Exercise directions> Below this line are records; transcribe exactly the lines between the one holding "hd love wallpaper" and the one holding "Understanding the Visible", inclusive, and omit the pictures.

Exercise data>
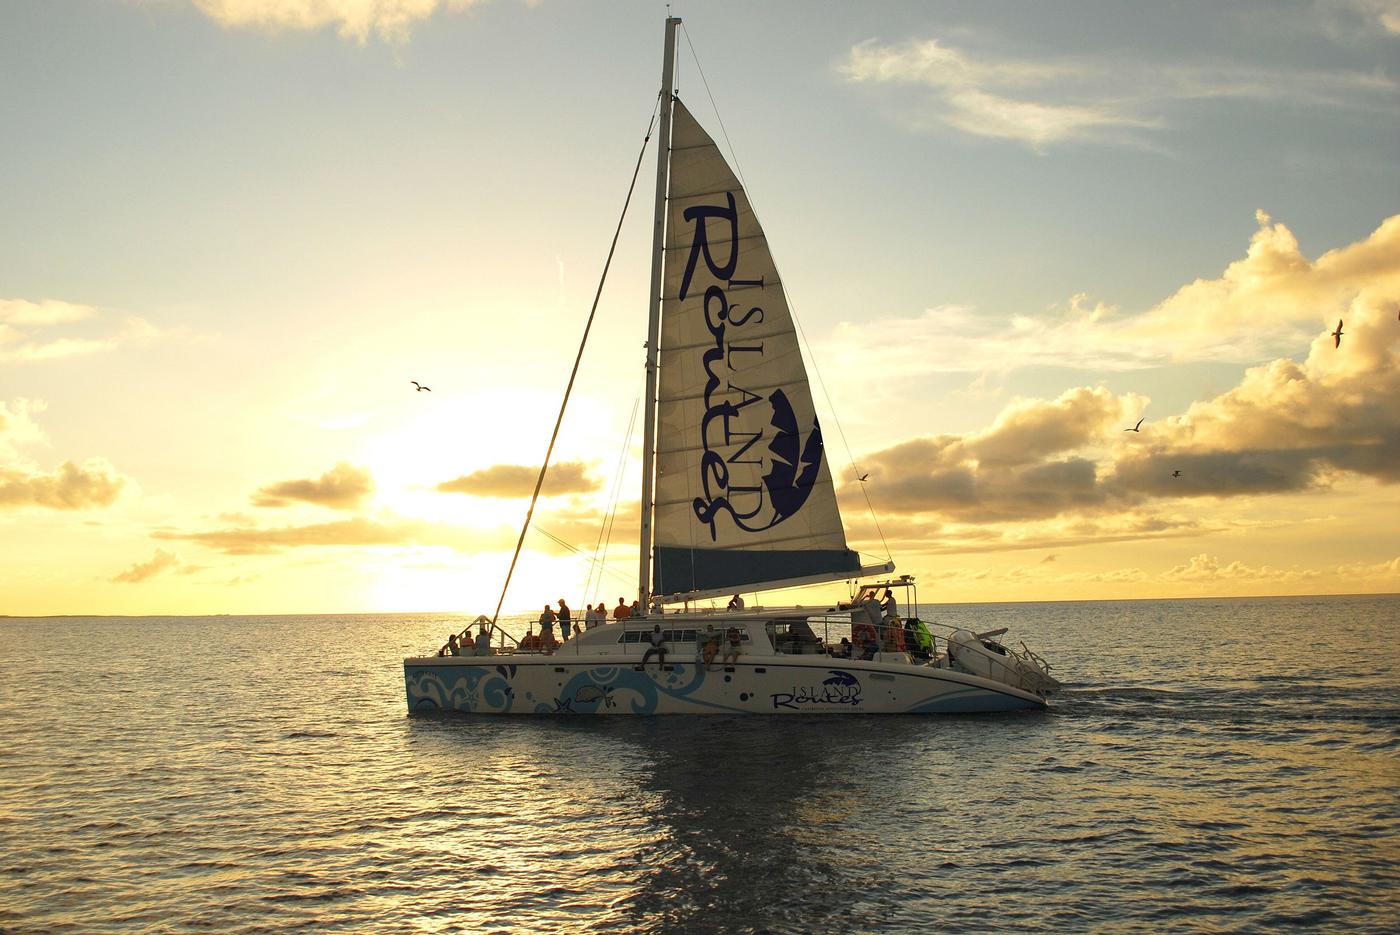 guests on board of the island routes catamaran cruise enjoying a sunset ride
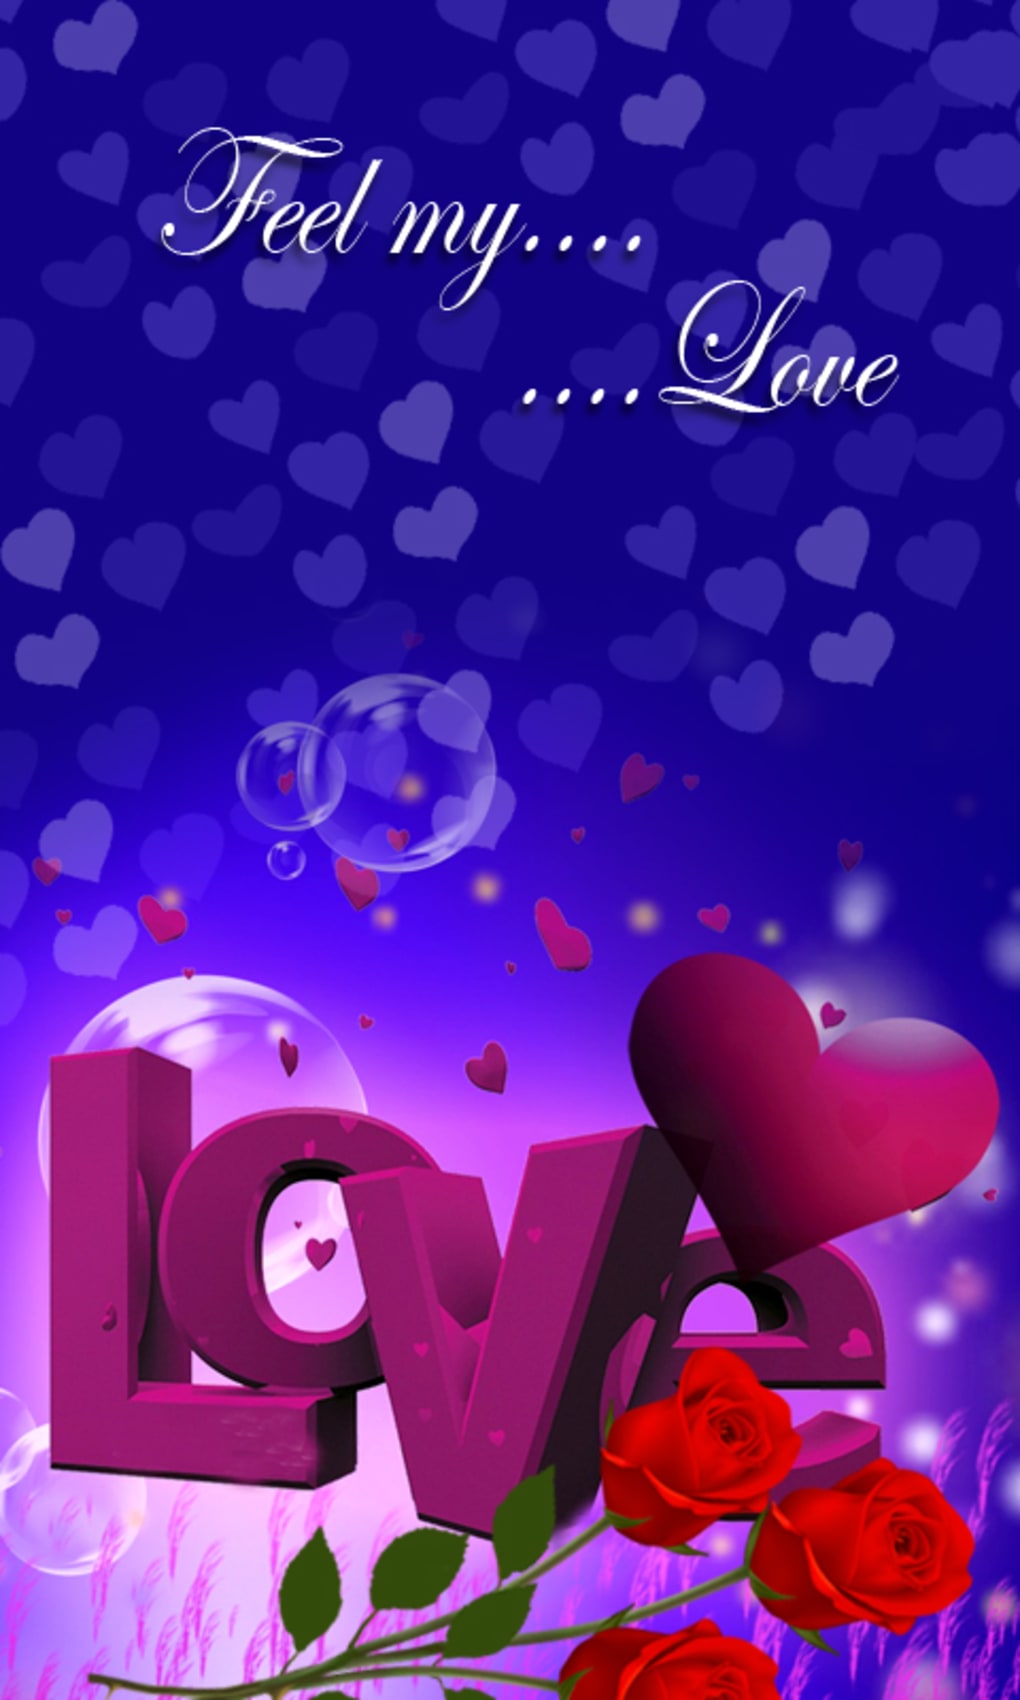 hd love wallpaper download for android,heart,text,love,violet,valentine's day
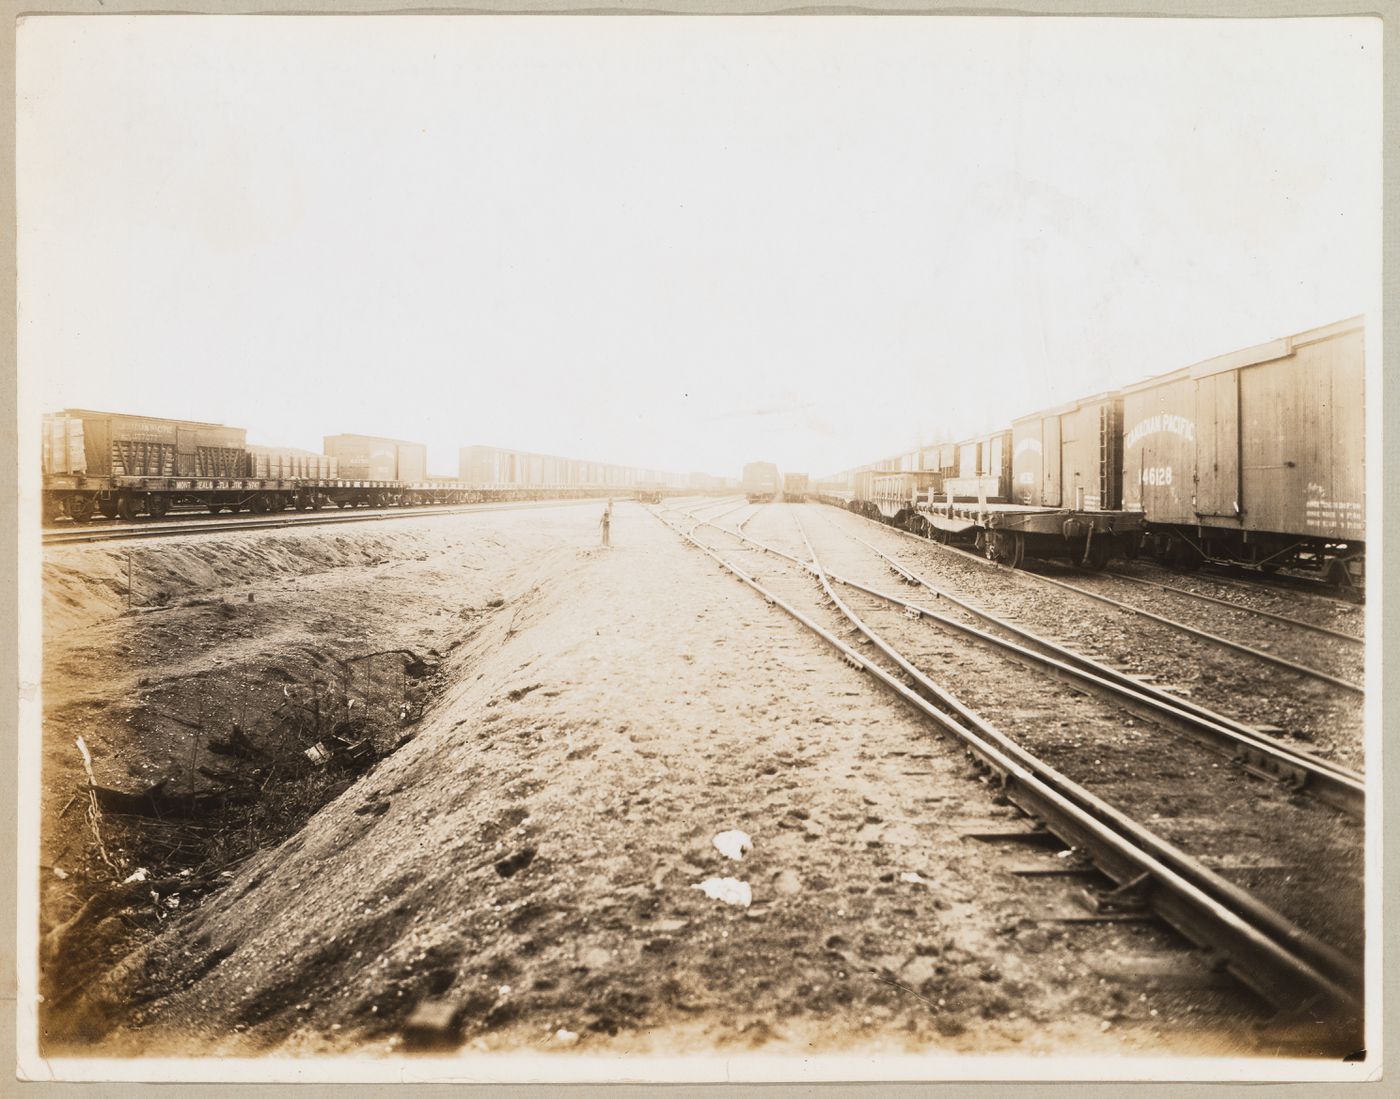 View of the Canadian Pacific Railroad Company freight yards showing trains, Coquitlam (now Port Coquitlam), British Columbia
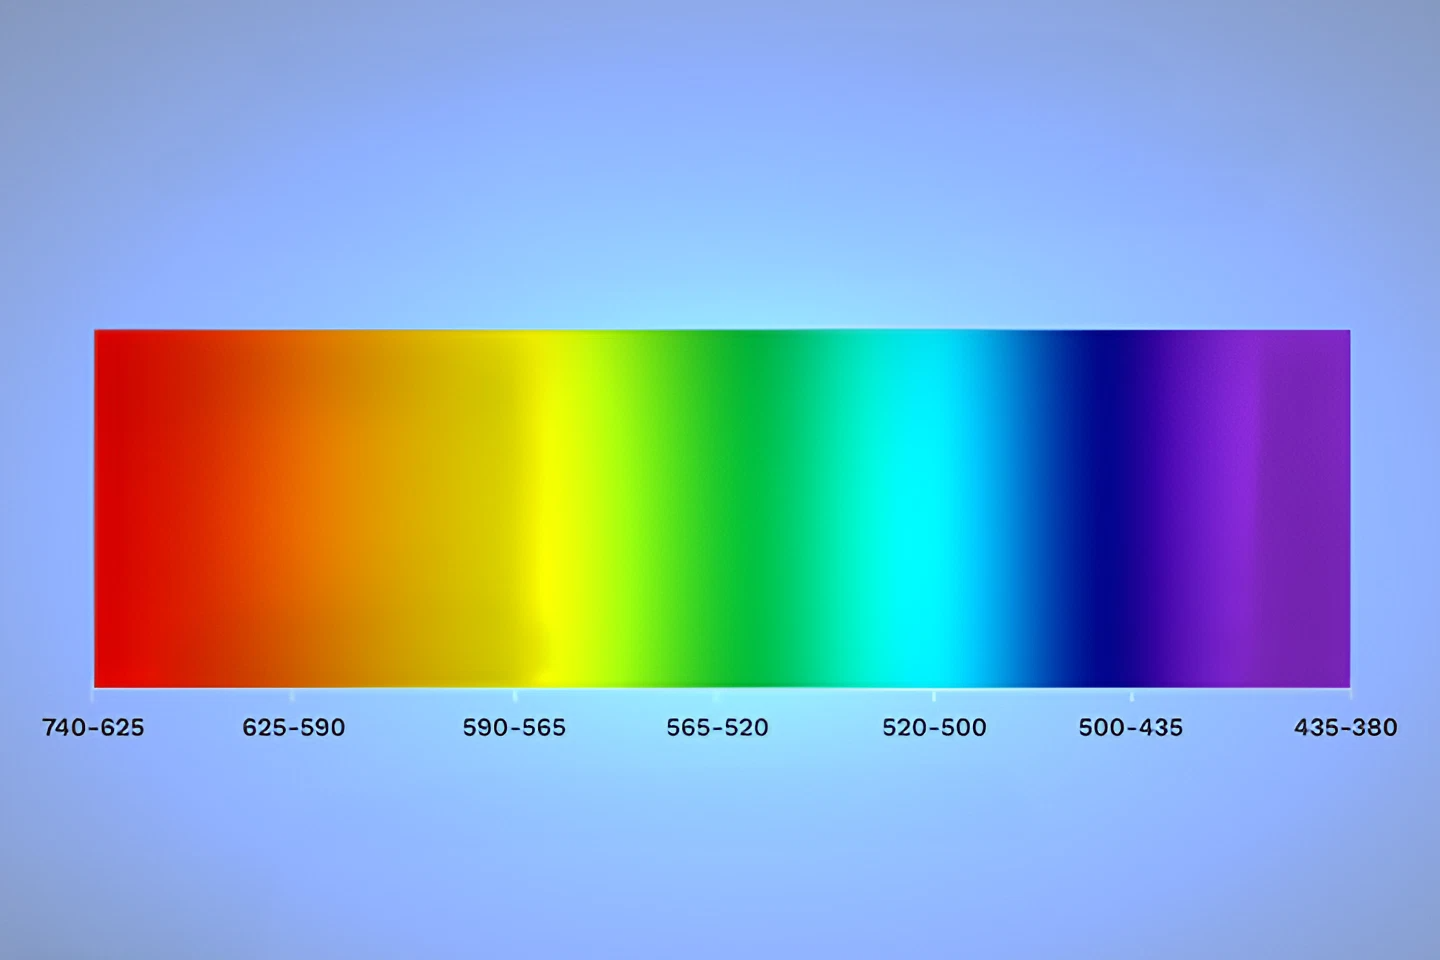 Understanding the Visible Light Spectrum and Color
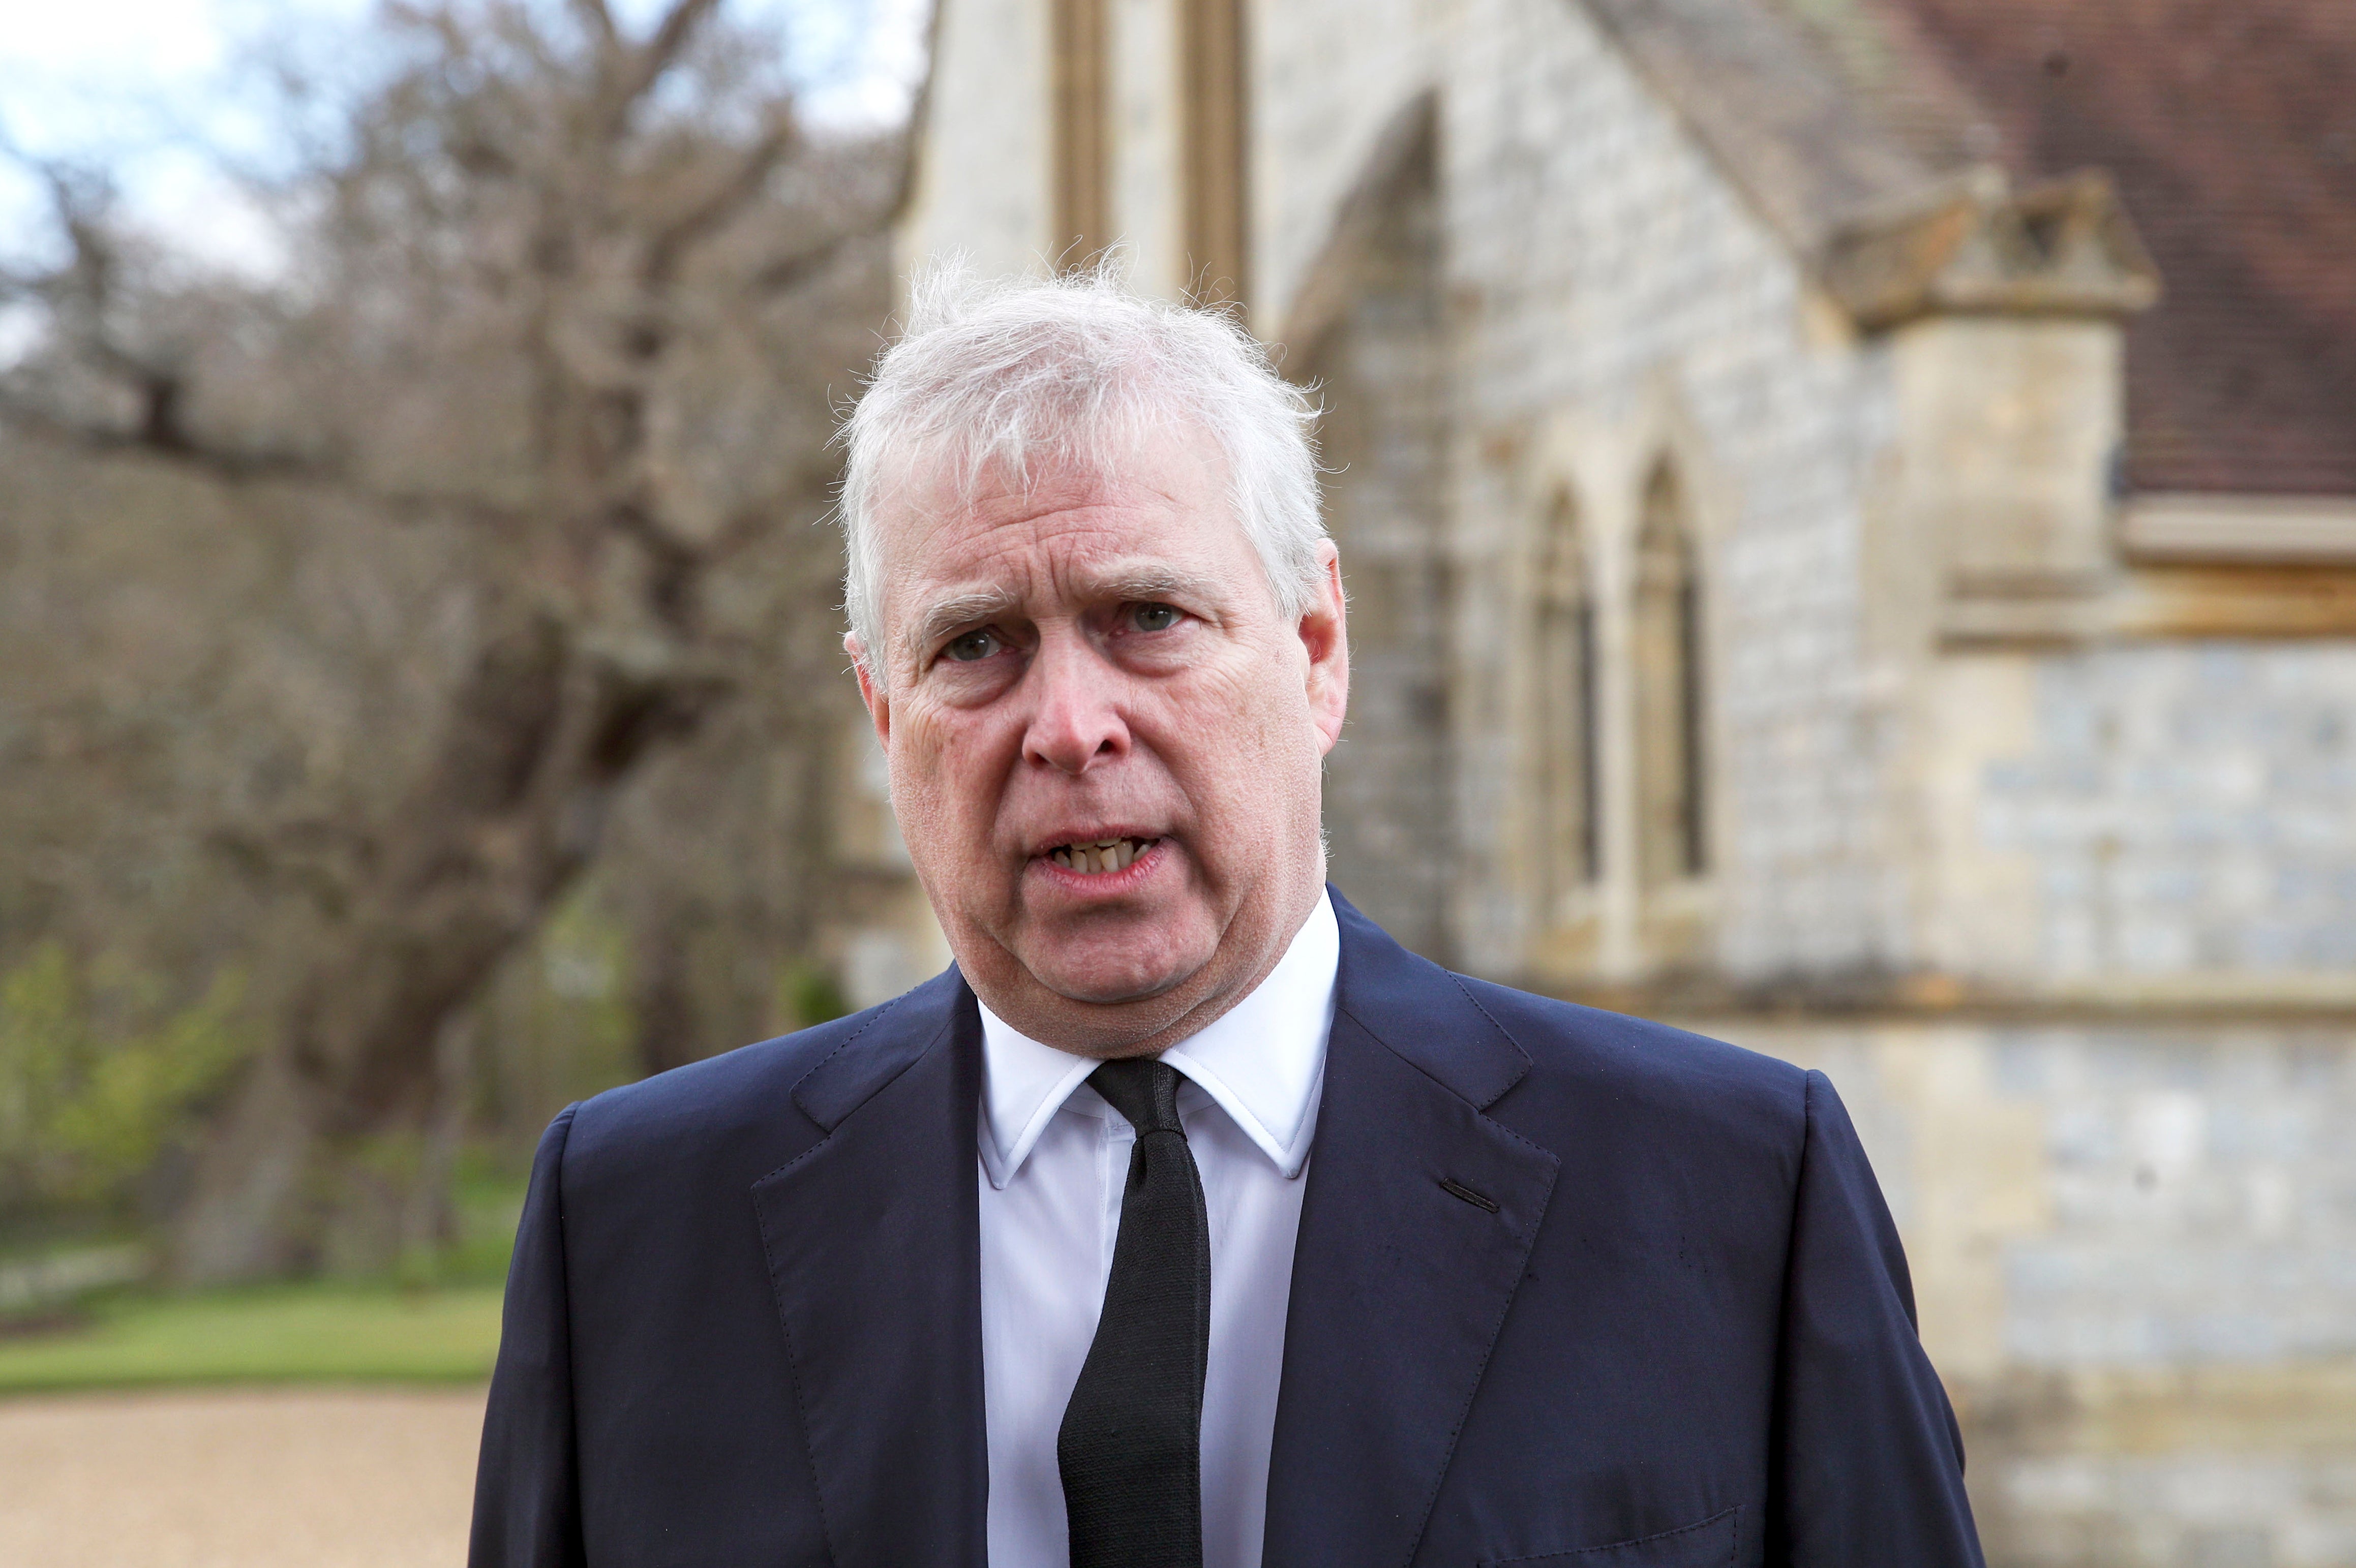 Prince Andrew has been served with a lawsuit filed by an American woman who accuses him of having sex with her when she was underage

Result of this task>
 hd love wallpaper download for android,heart,text,love,violet,valentine's day
 View of the Canadian Pacific Railroad Company freight yards showing trains, Coquitlam (now Port Coquitlam), British Columbia
 Understanding the Visible Light Spectrum and Color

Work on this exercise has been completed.